Lastly, be sure to pack up leftovers quickly and avoid leaving food out for extended periods of time at room temperature.
Safe vs. Unsafe Ways to Defrosting Raw Meat
Now that you know how to keep your meat safe to eat in the cold and safe to eat in the heat, how do you safely bring it from one state to the other? There are safe and unsafe ways of defrosting raw meat, and knowing what they are will help you make the right decision in terms of what to do when you are dealing with meat.
The 3 Safest Ways to Defrost Meat:
- Refrigerator thawing– All you have to do is place the meat in a sealed container or platter. When using this method, the most important thing to remember is to place the meat at the bottom-most shelf so that it does not spread germs or bacteria towards the other foods in the fridge.
- Thawing meat in water– Wrap the meat with protective plastic that does not cause leaks and place it over tap. Turn the tap to cold water and spread it all over the meat until you can feel it defrost.
- Microwave thawing- (Use this option only if you’re comfortable microwaving your food). Place the meat in containers or wraps that are microwave friendly. Press the defrost button on the microwave and wait for it to completely thaw. It’s important to keep a close eye on your dish while it’s defrosting- don’t let it cook in the microwave! Secondly, don’t waste any time between defrosting and cooking.
6 Unsafe Ways to Defrosting Meat:
- Placing meat in hot water – Using hot water on meat is a bad idea because it will breed bacteria in the process.
- Defrosting meats in countertop– This may be the worst option since it keeps food in the danger zone for the longest period of time. Since bacteria counts can double every 20 minutes, you’re opening up a serious risk of food poisoning.
- Forgetting to wash your hands – Hello, cross-contamination! Don’t be a vehicle for the spread of harmful bacteria. Wash your hands with warm water and soap before touching anything else in the kitchen.
- Marinating on the counter– You should only allow your meat to marinate in the fridge in a sealed container. Leaving it at room temperature is dangerous.

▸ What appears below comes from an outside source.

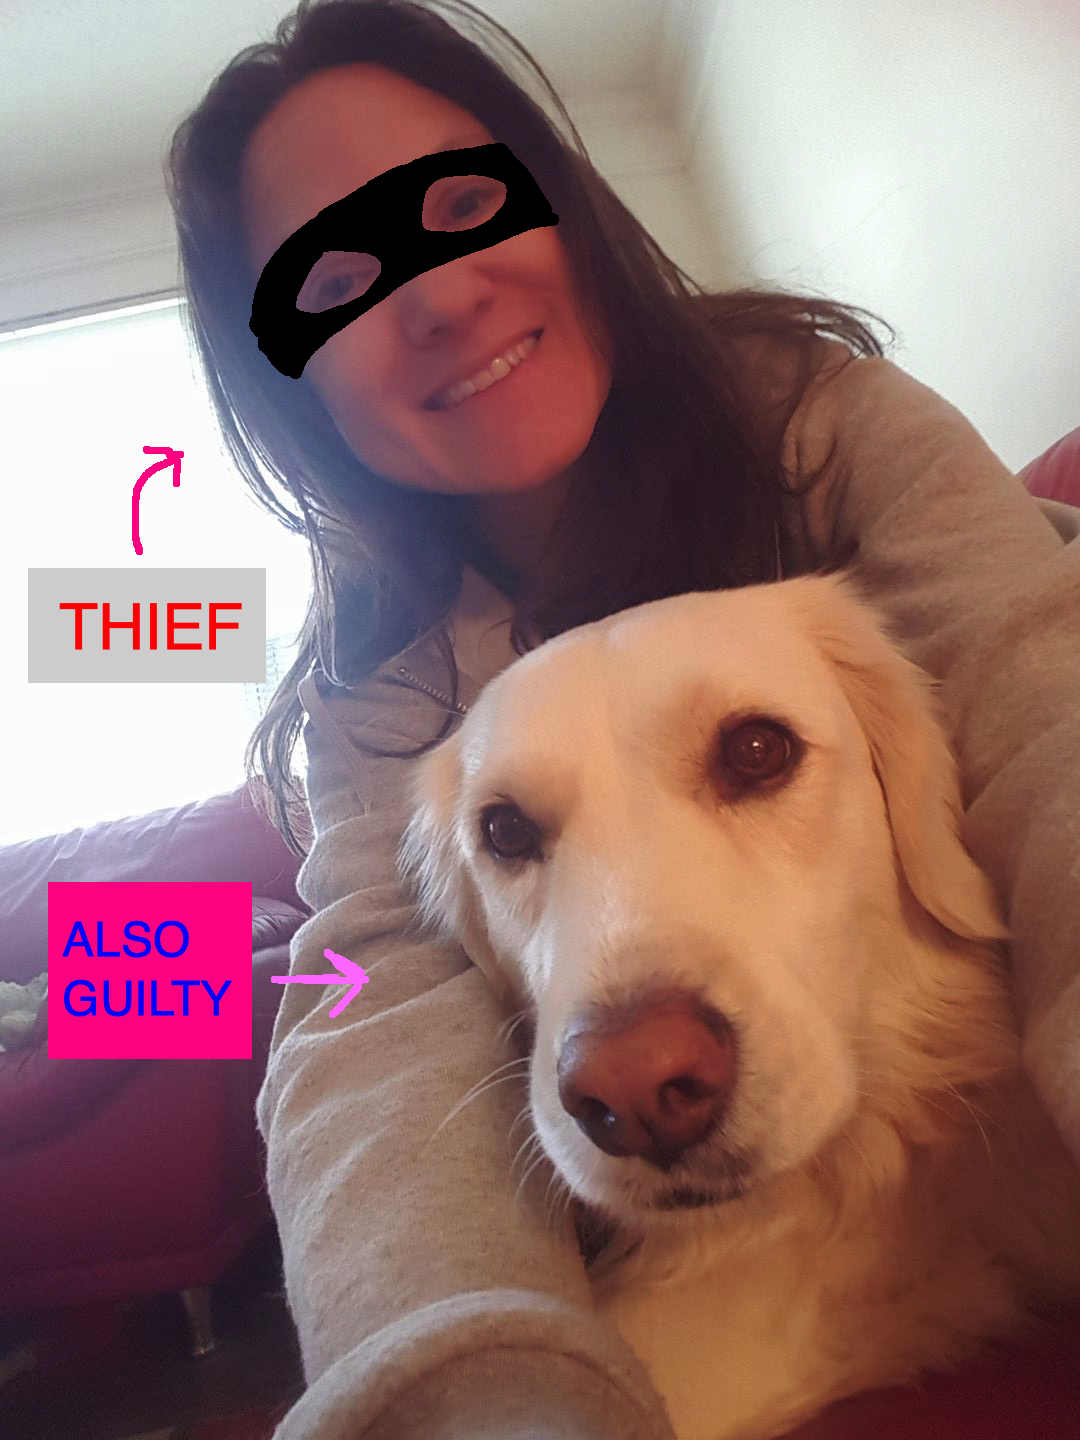 The incredible and beautiful Michelle (a female woman) 'wearing' a painted on bandit eye mask looking like zoro or a bank robber from the 1920's with her dog Mona (big yellow fluff dog)

- Washing raw meat in the sink – (After defrosting) It’s usually the germ-conscious that wash their meat in the first place, but researchers have found that washing your meat before cooking can actually cause more bacteria to spread and risk cross-contamination! More on that here.
Defrosting trays– Defrosting trays are, as the name suggests, specific plates used to place frozen
meat just taken out from the freezer. Most of these trays are made from superconductive metal
alloys like aluminum, which allows meat to be heated quicker from the heat in the room. But it’s easy to use a defrosting tray unsafely.
First, ensure the meat you decide to use is completely flat on the surface of the tray because with limited surface area in contact with the conductive metal, it will take much longer to defrost and allow bacteria to multiply. Secondly, you should never use a defrosting tray for larger pieces of raw meat (large steaks, whole birds, large amounts of ground meat). If a defrosting tray can’t get the job done in under 30 minutes, don’t use it.
Did any of these facts surprise you?